LOGINKEIRA
The dead don't stay dead when they have something left to say.
My bones locked up before I could scream.
No warning. No voice dragging me from sleep. Just-impact.
One second, I was in the dark. The next, I was inside it.
Barefoot. Drenched. Blood soaking up to my ankles like the earth was trying to drink me whole.
I didn't remember falling asleep. I didn't remember anything.
Wherever HERE was, it bled.
The floor pulsed under me—too soft to be stone, too warm to be real. My toes curled. The blood clung, thick and fresh, and beneath it... something shifted. Solid. Cold. Not stone.
Bodies.
I stumbled back with a choked breath, heel catching on a chunk of something I swore was a chunk of something no longer human. Something shaped like a ribcage.
"What the fuck," I hissed, my arms wrapping around myself, like that would hold in the shaking. Like it would keep the pieces of me from falling apart in this nightmare I didn't remember entering.
But my body already knew.
This wasn't it.
The blood was too warm. The air too sour. Smoke gnawed at my lungs. My heart thrashed like it knew what was coming, like it had felt this place once, maybe in another life. Or death.
Everything here was wrong.
The corridor bled light. The walls flickered between real and ruin. Half-burnt tapestries fell to ash without ever touching flame. And overhead, no sky. Just the black void of something missing.
The screams didn't echo.
They lived here. Haunted the walls like ghosts too angry to leave.
And then I heard her.
A voice. Barely a breath. Feminine. Fragile.
"...you must... hear me..."
I turned toward it like I was pulled.
And that's when I saw her.
A woman, collapsed in a man's lap. Her dress torn to ribbons. Her throat a red smile of ruin. Blood pooled beneath them like a cradle of war.
She should've been dead.
But her lips moved.
"You must... let him in..." she rasped, fingers twitching weakly against the man's chest. A lover's touch, barely there.
"I was never yours..." Her mouth trembled. "...he is..."
The man flinched like her words struck deeper than blades.
"No." His voice cracked, raw like the inside of a throat torn from screaming.

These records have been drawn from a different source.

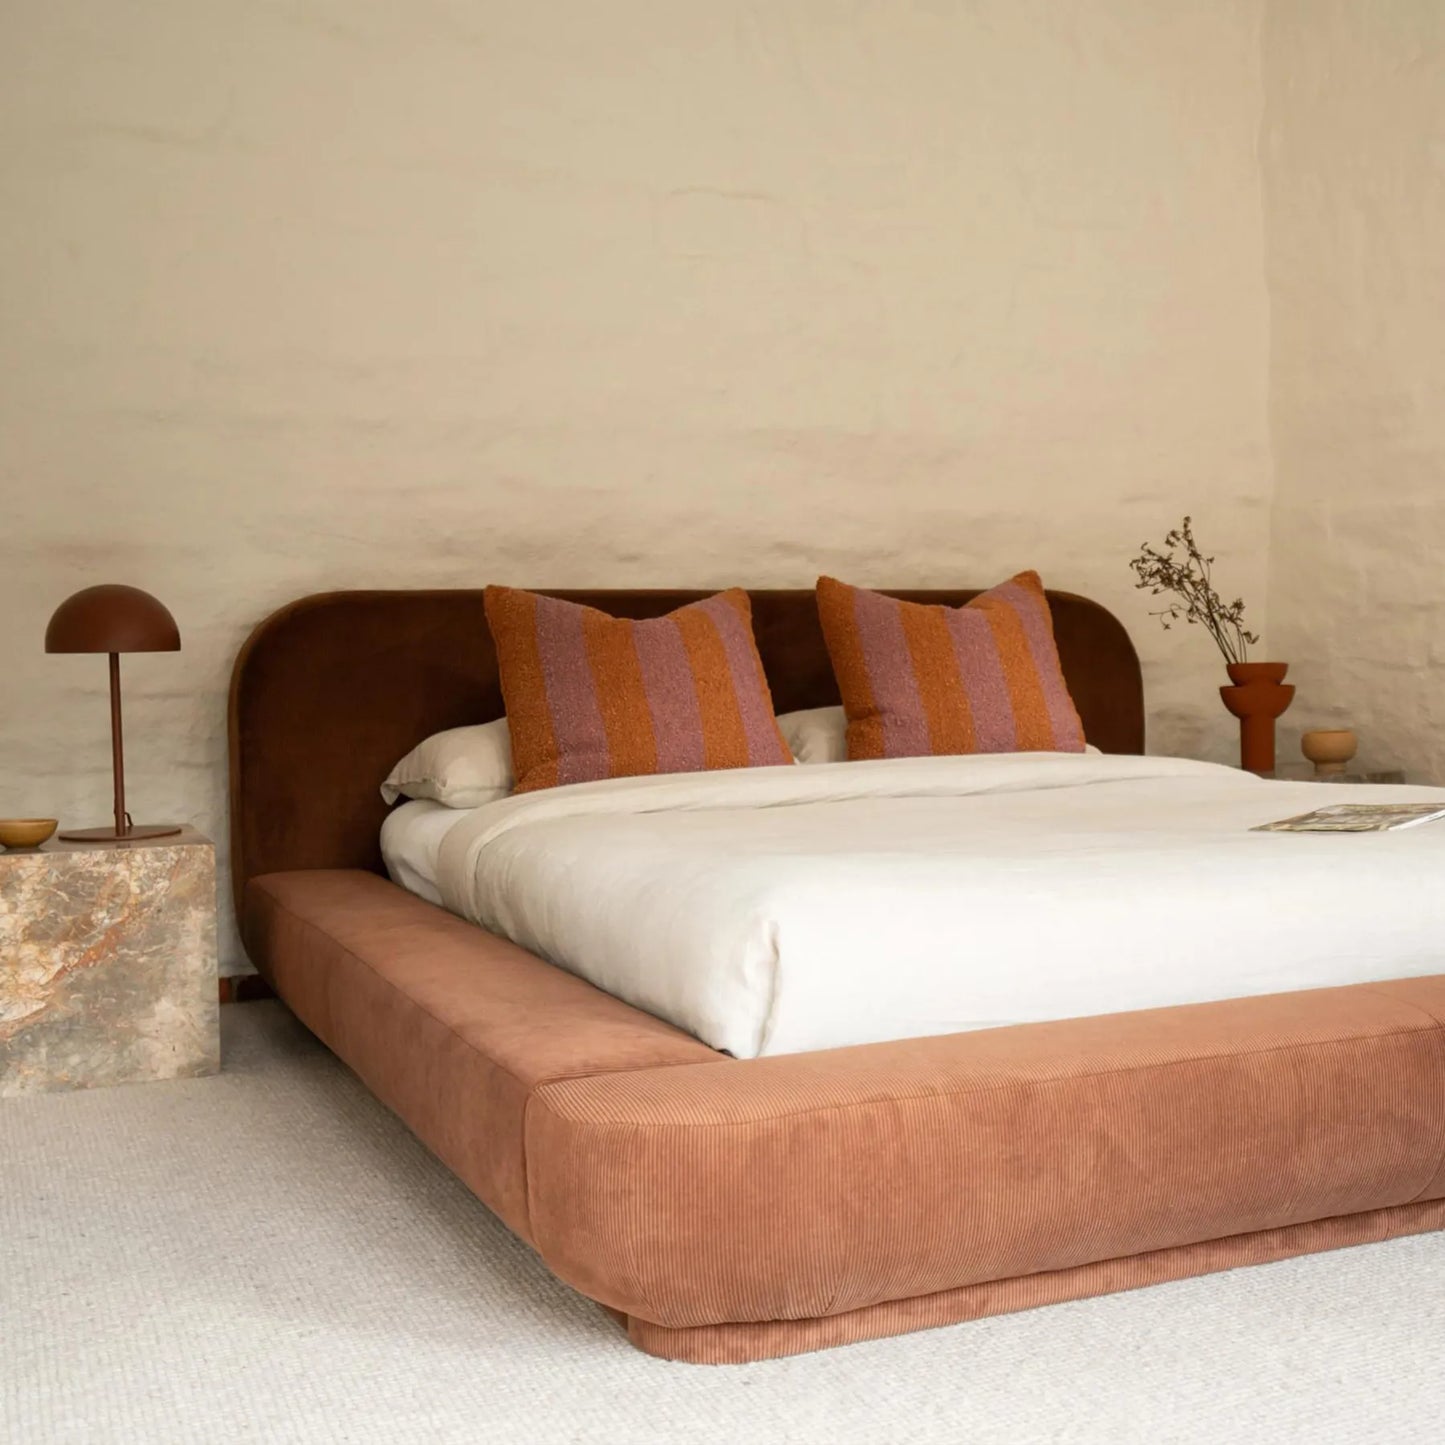 Floss King Bed - Corduroy Cocoa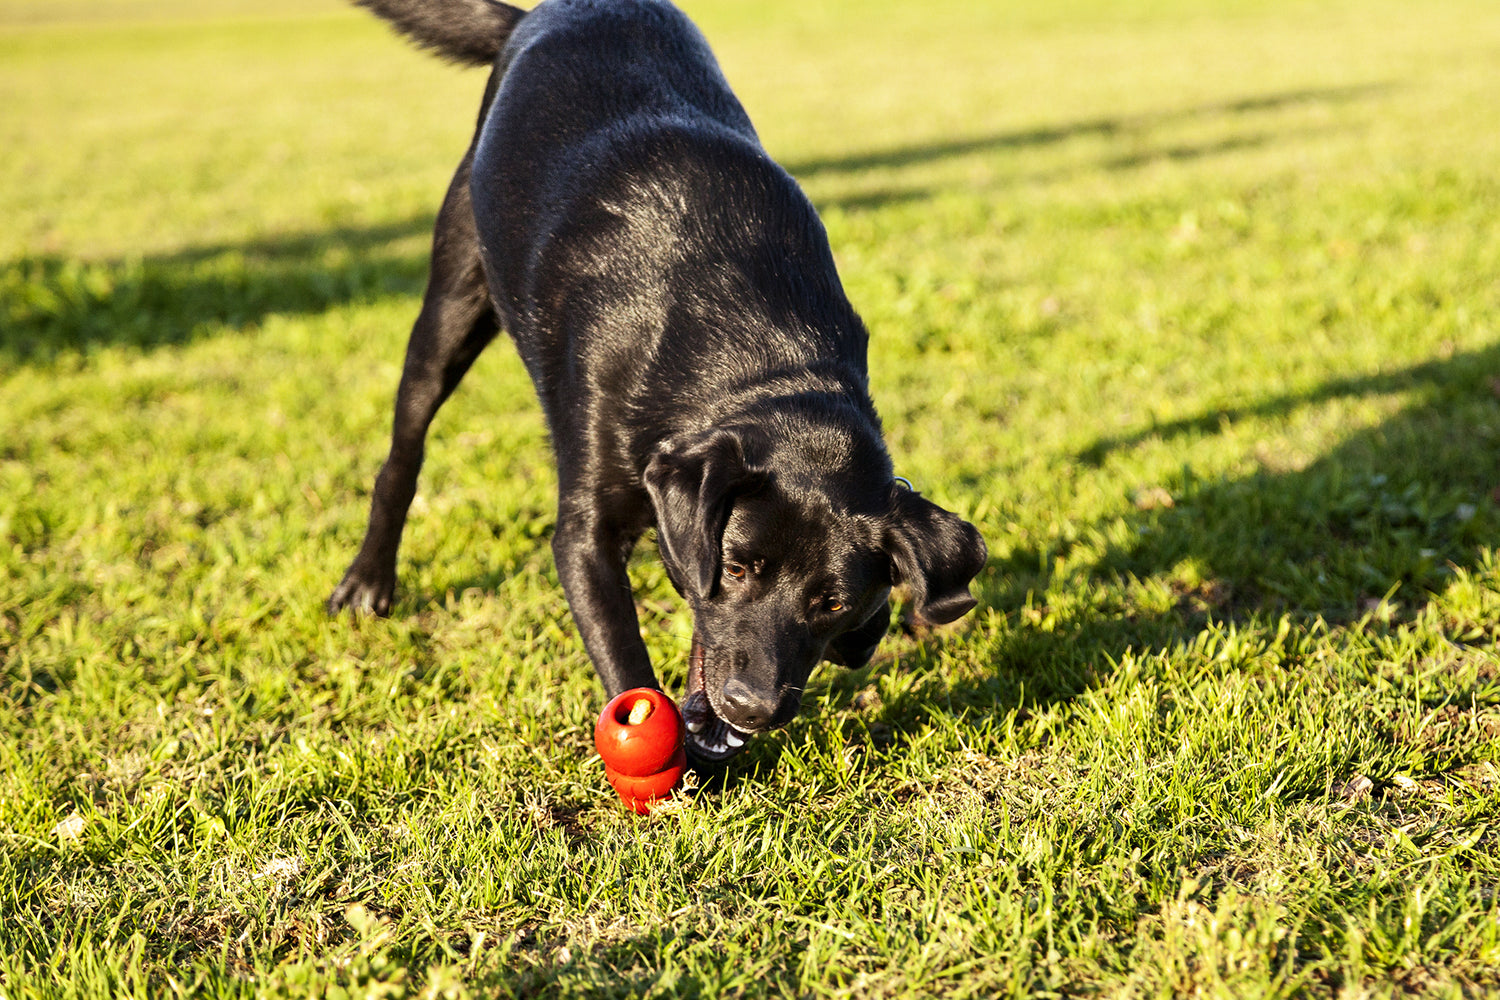 4 Nutritional Recipes for Kongs and Other Enrichment Toys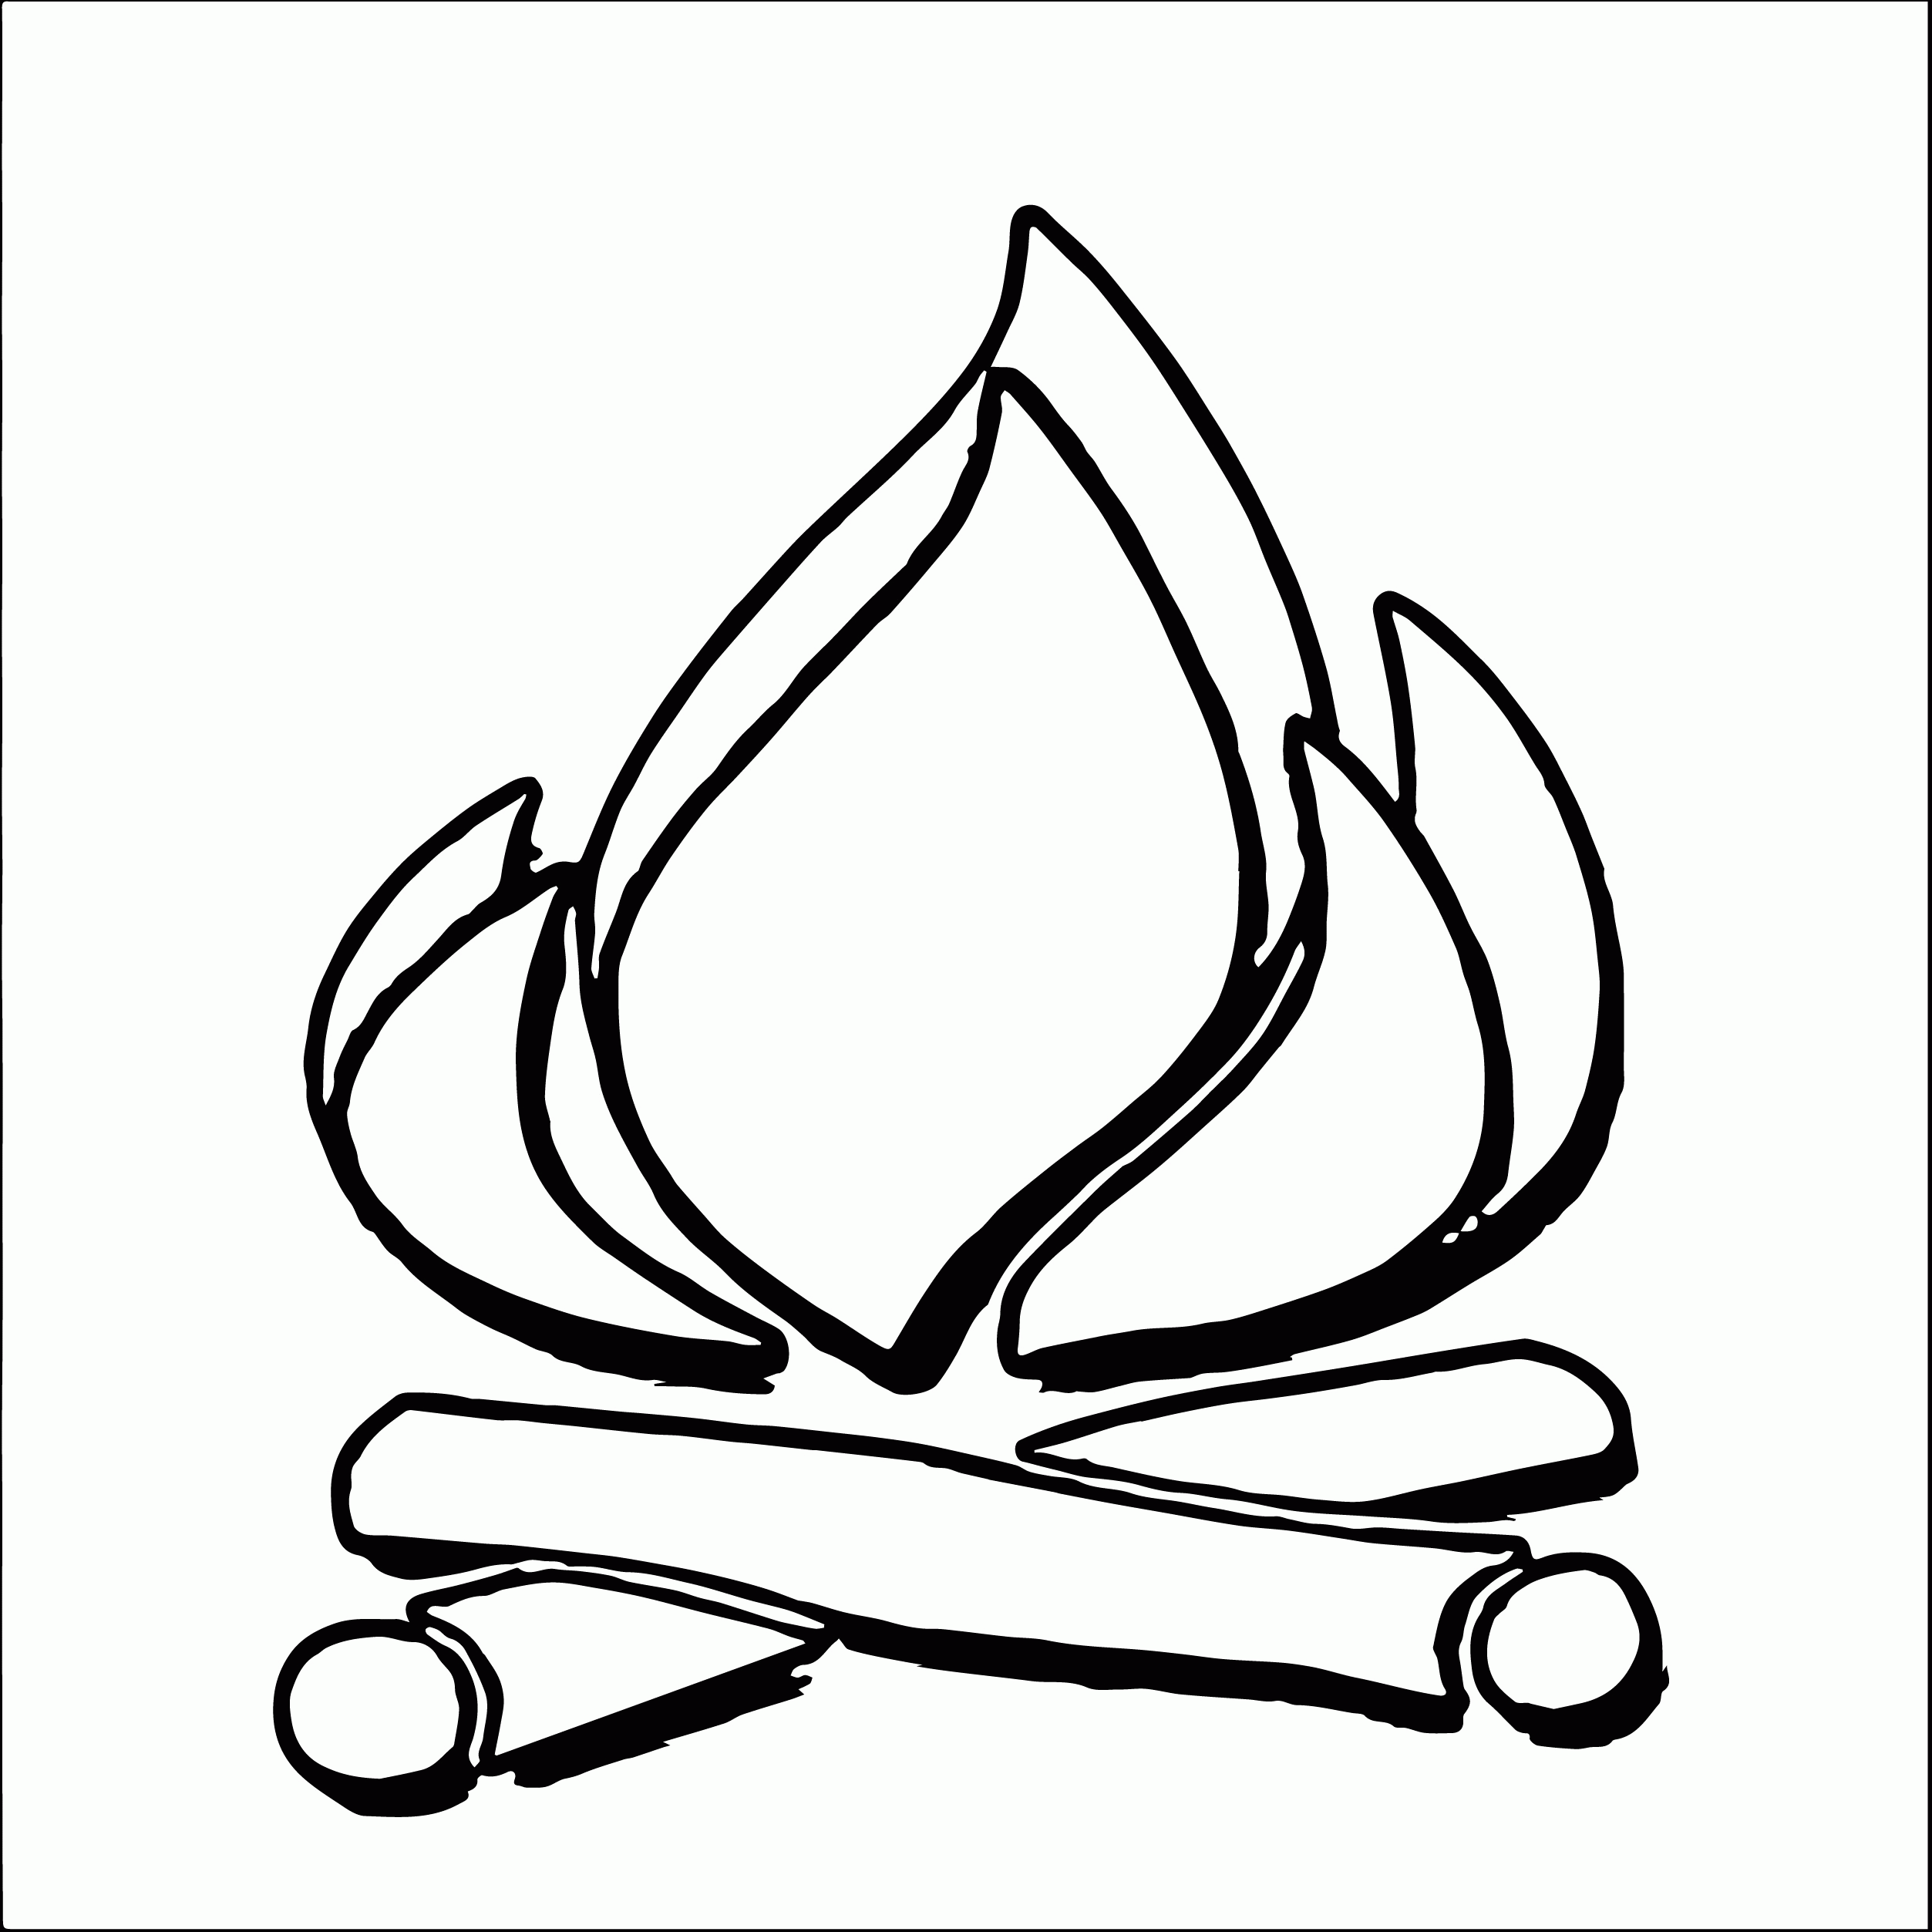 Just Camp Fire–coloring Page | Wecoloringpage

She smiled, a curve of lips that looked almost peaceful. But it dripped with blood.
"Yes..." Her last breath ghosted into the air. "...he is your end... and your beginning..."
Then—Nothing.
No gasp. No twitch. Just... stillness.
Eyes wide. Smile intact. Dead.
The man didn't move.
Not for a heartbeat.
Not for a hundred.
And then...
He howled.
Not a cry. Not a scream.
A curse.
It shattered the silence. Shook the world. Shook ME.
I flinched, breath locked in my chest as if it too refused to exist in the face of his pain.
He pressed his blood-slicked forehead to hers. Whispered something I couldn't hear. Then, with trembling hands, he peeled her arms from his waist, kissed her one last time when she was still warm, and laid her body down like it was made of starlight.
His fingers wrapped around a sword at her side. Black. Heavy. Covered in dried gore that didn't belong to her.
And I swear to God...
The way he rose, like death giving birth to fury.
"I will kill them all," he lifted the blade. "I will rip their lungs from their chests. I will eat their screams until this world chokes on silence."
My legs moved on instinct. One step back. Two.
Every nerve screamed RUN.
'He's going to see you,' my mind whispered. 'And if he sees you, he'll bury that blade in your chest and smile while doing it.'
I turned.
Slow. Silent. Calculating how fast I could sprint barefoot over corpses and not die trying.
And that's when it came.
A voice behind me.
Sharp. Male. Cold as the steel he likely carried.
"Drop the blade."
I spun, breath catching in my throat... And nearly screamed.
He stepped through the smoke like it wasn't trying to swallow him whole. Like it bowed to him. Like the world had always burned at his feet.
Broad chest. Shoulders dusted in cracked gold armor. Blood smeared down one side of his face; the rest shadowed in smoke.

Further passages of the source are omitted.